Task statement >> Once the line containing "Туфли-слипоны из термопластика" is found in the data below, repeat it and every later line exactly, leaving the pictures out.

Data extract >>

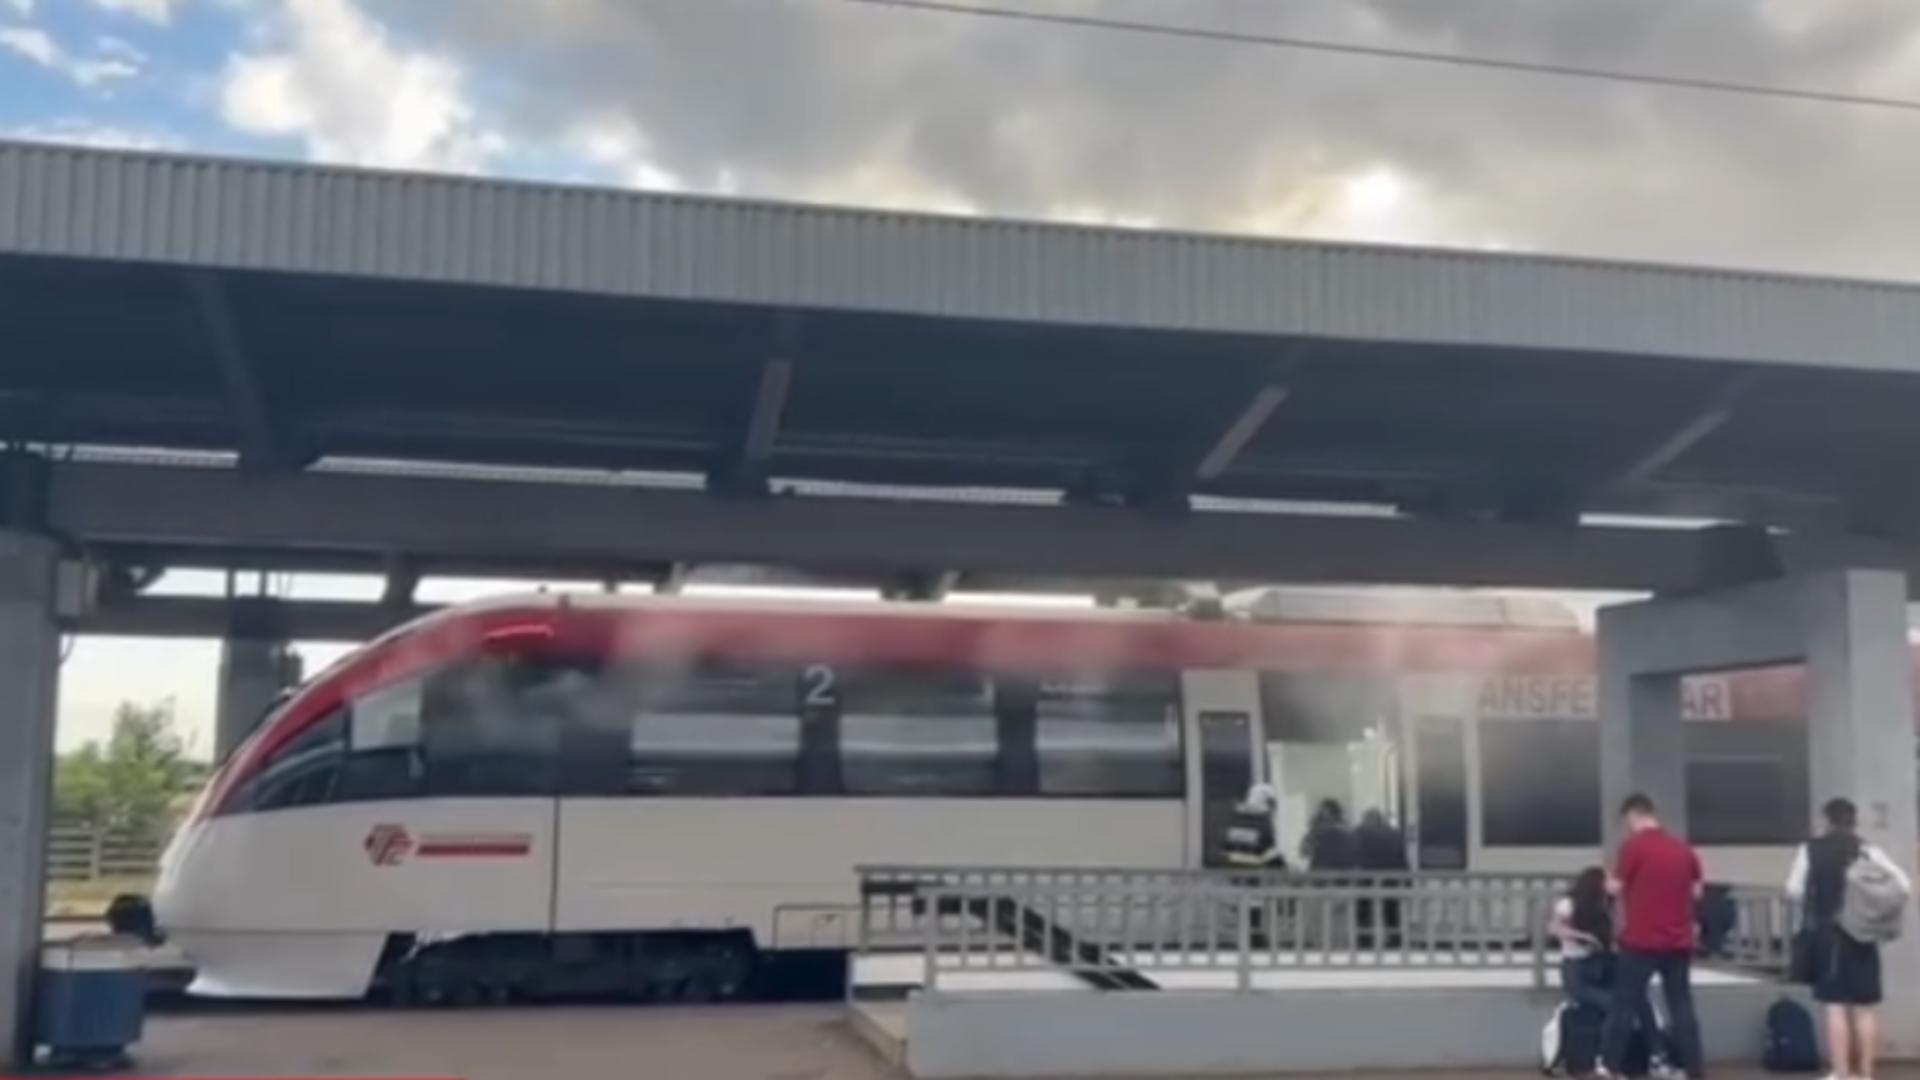 Incendiu produs la un tren de călători, în Ploiești, Gara de Vest. Foto: Facebook
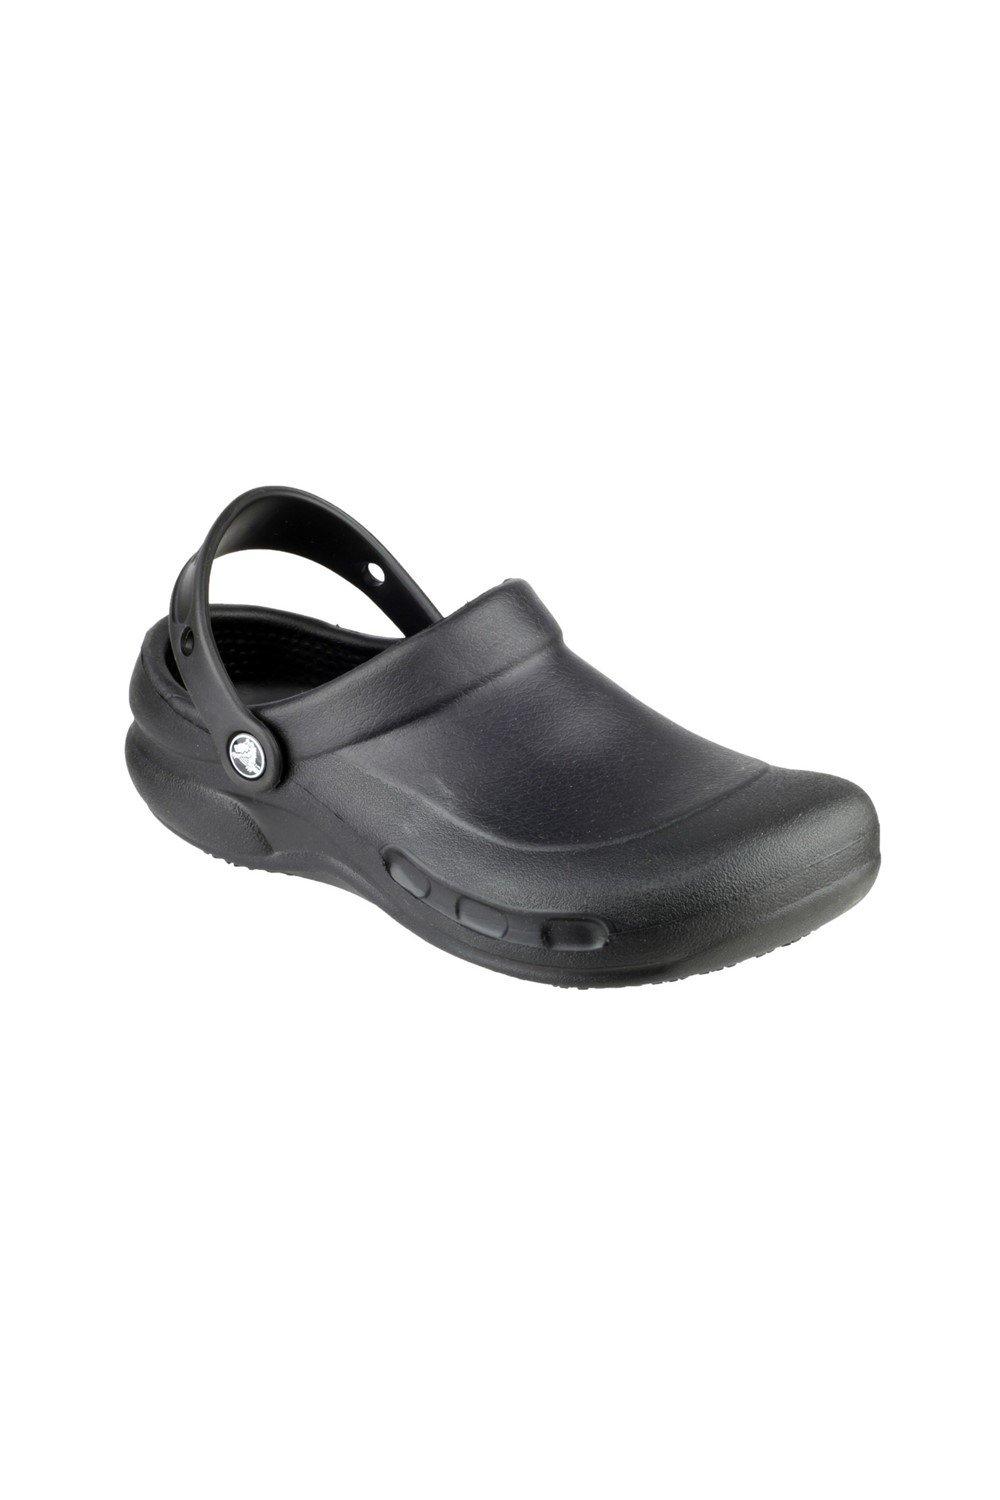 Туфли-слипоны из термопластика Бистро Crocs, черный
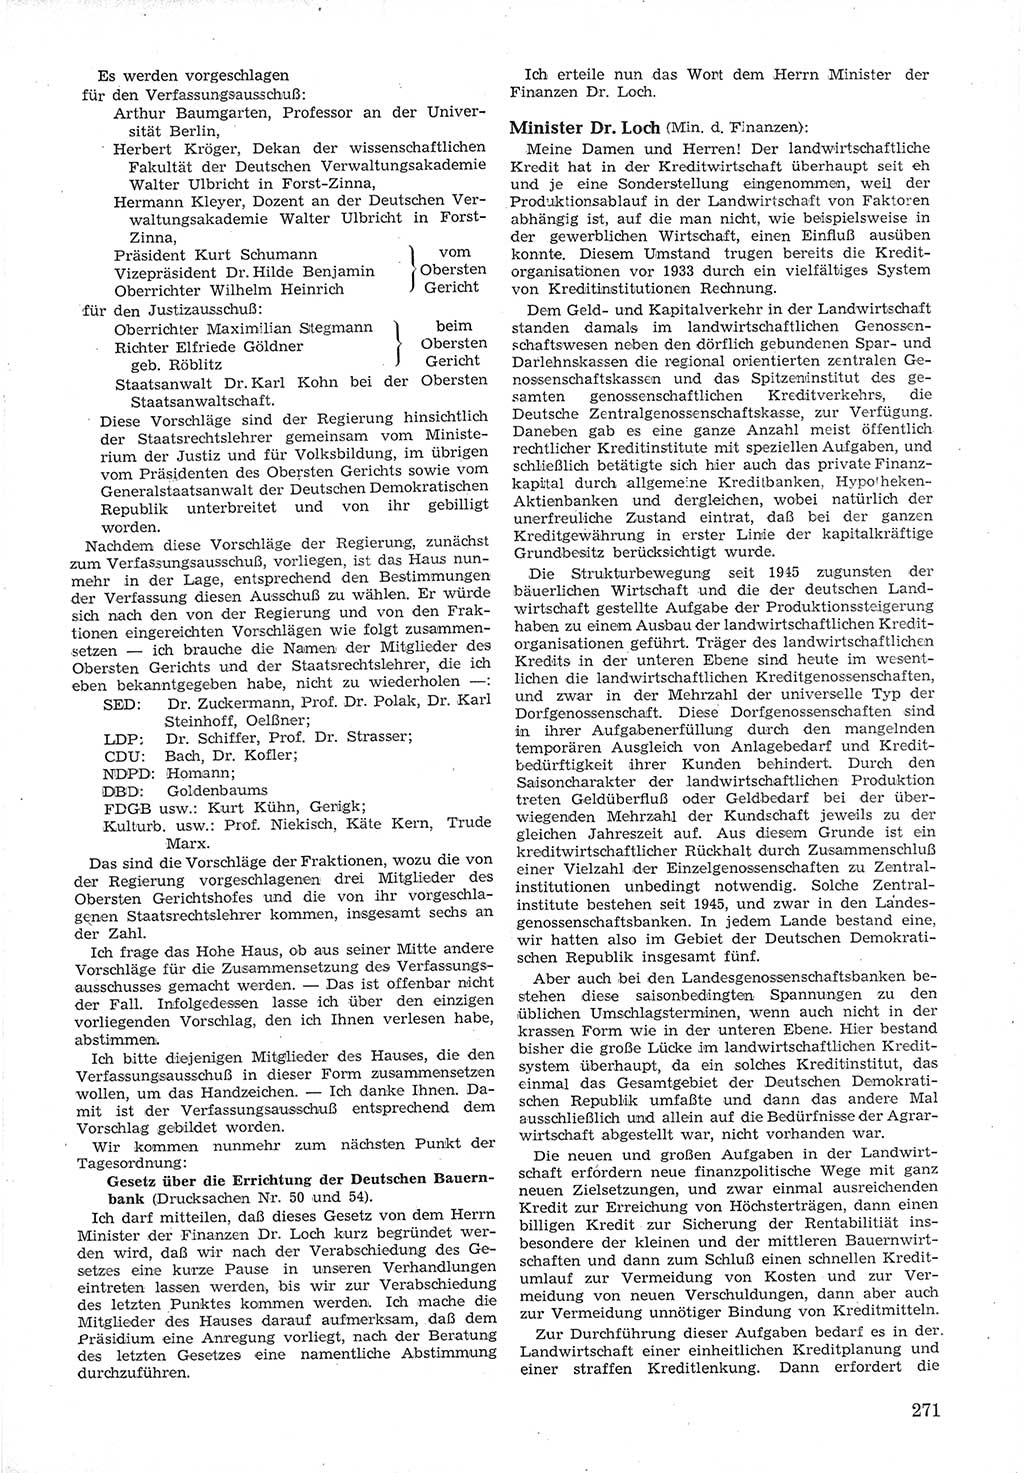 Provisorische Volkskammer (VK) der Deutschen Demokratischen Republik (DDR) 1949-1950, Dokument 285 (Prov. VK DDR 1949-1950, Dok. 285)

Response >>
 Туфли-слипоны из термопластика Бистро Crocs, черный
 Provisorische Volkskammer (VK) der Deutschen Demokratischen Republik (DDR) 1949-1950, Dokument 285 (Prov. VK DDR 1949-1950, Dok. 285)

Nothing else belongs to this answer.